▸ **Source material**:
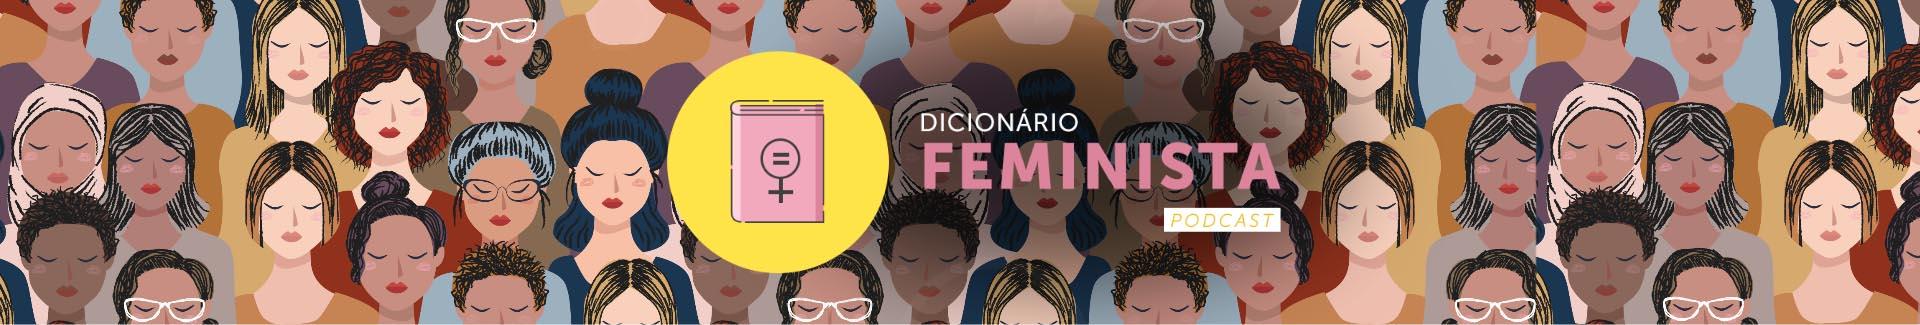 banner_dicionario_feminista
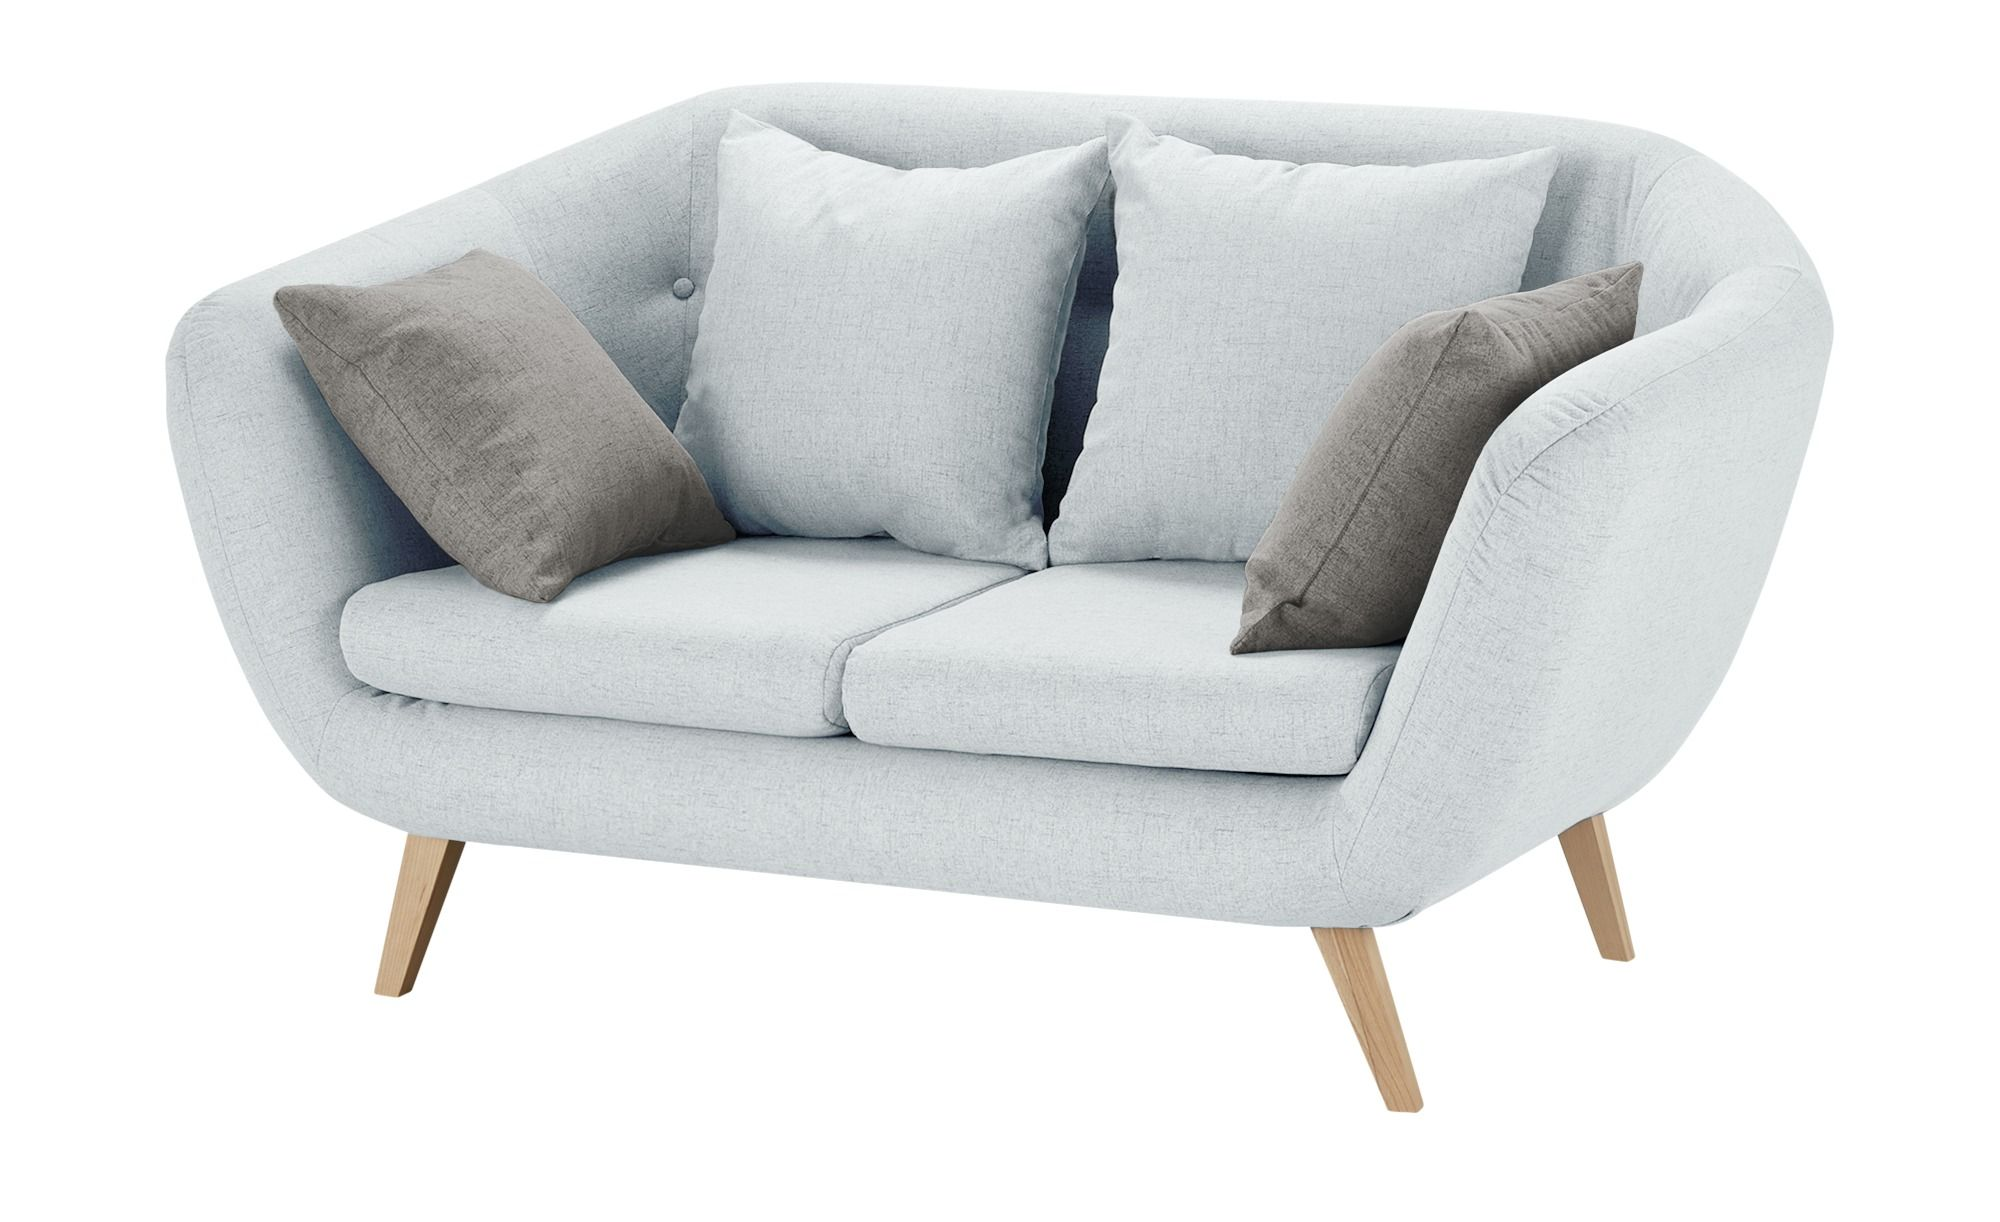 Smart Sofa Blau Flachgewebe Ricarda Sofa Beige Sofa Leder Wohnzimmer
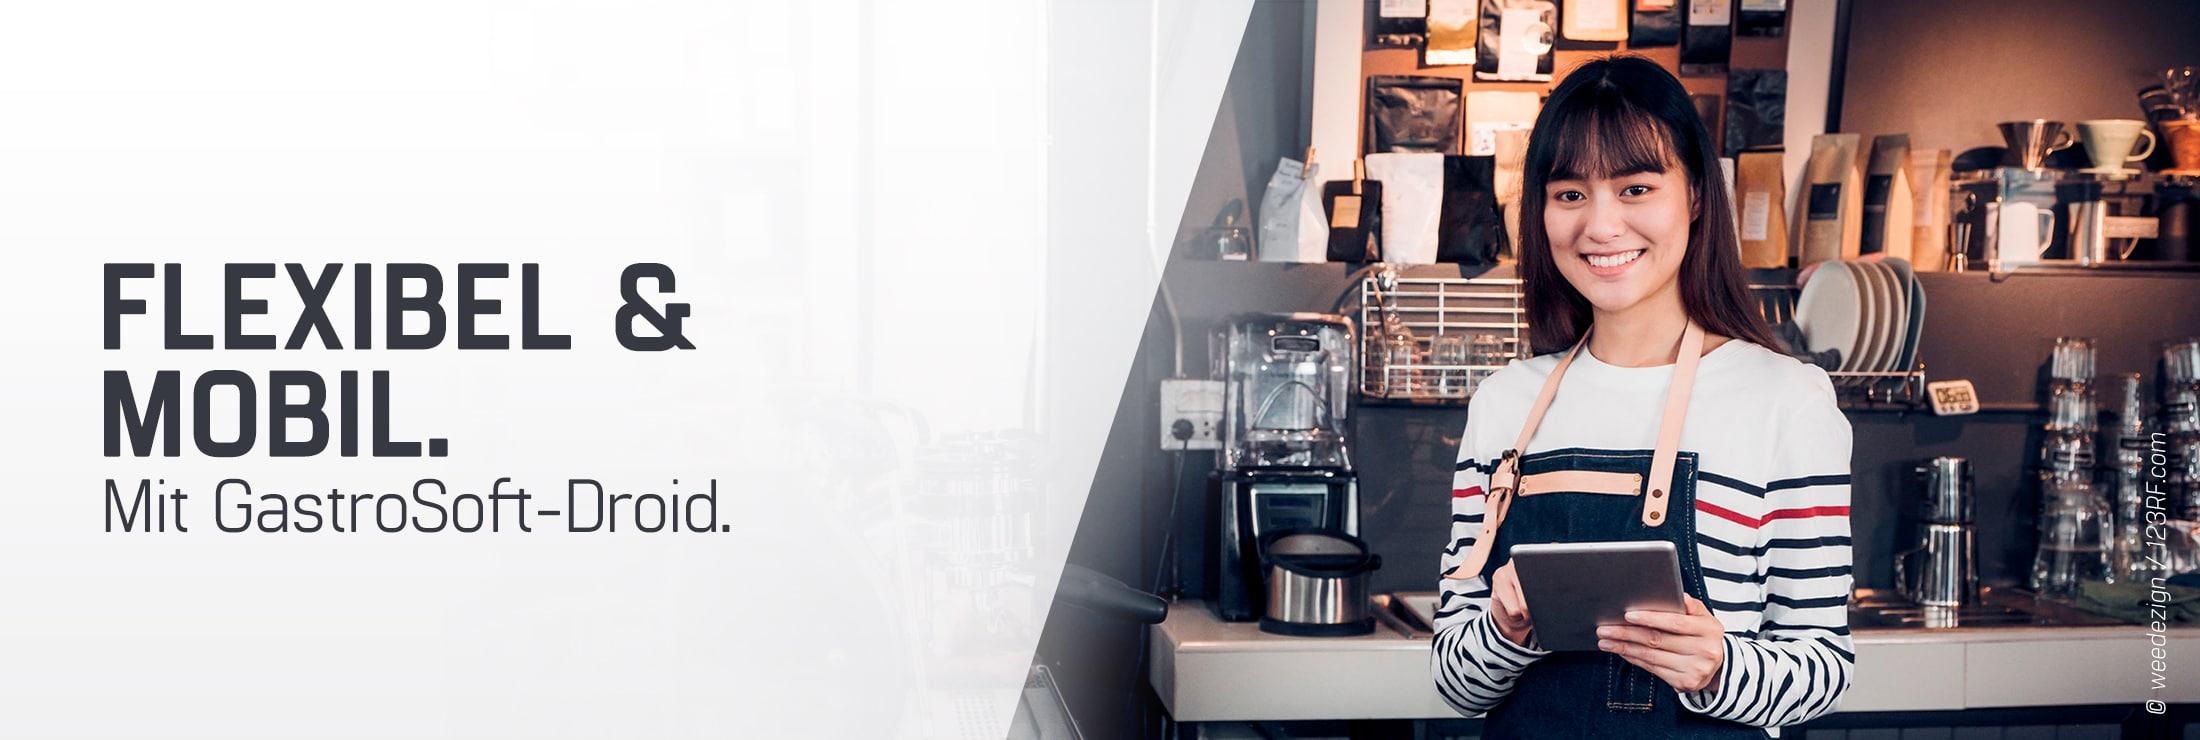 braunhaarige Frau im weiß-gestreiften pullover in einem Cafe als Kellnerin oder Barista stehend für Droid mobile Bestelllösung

▸ **What to work on**:
All that is needed is the span from the line with "Smart Sofa Blau" through the last line of the material above, reproduced exactly and free of pictures.

▸ **Answer space**:
 Smart Sofa Blau Flachgewebe Ricarda Sofa Beige Sofa Leder Wohnzimmer
 braunhaarige Frau im weiß-gestreiften pullover in einem Cafe als Kellnerin oder Barista stehend für Droid mobile Bestelllösung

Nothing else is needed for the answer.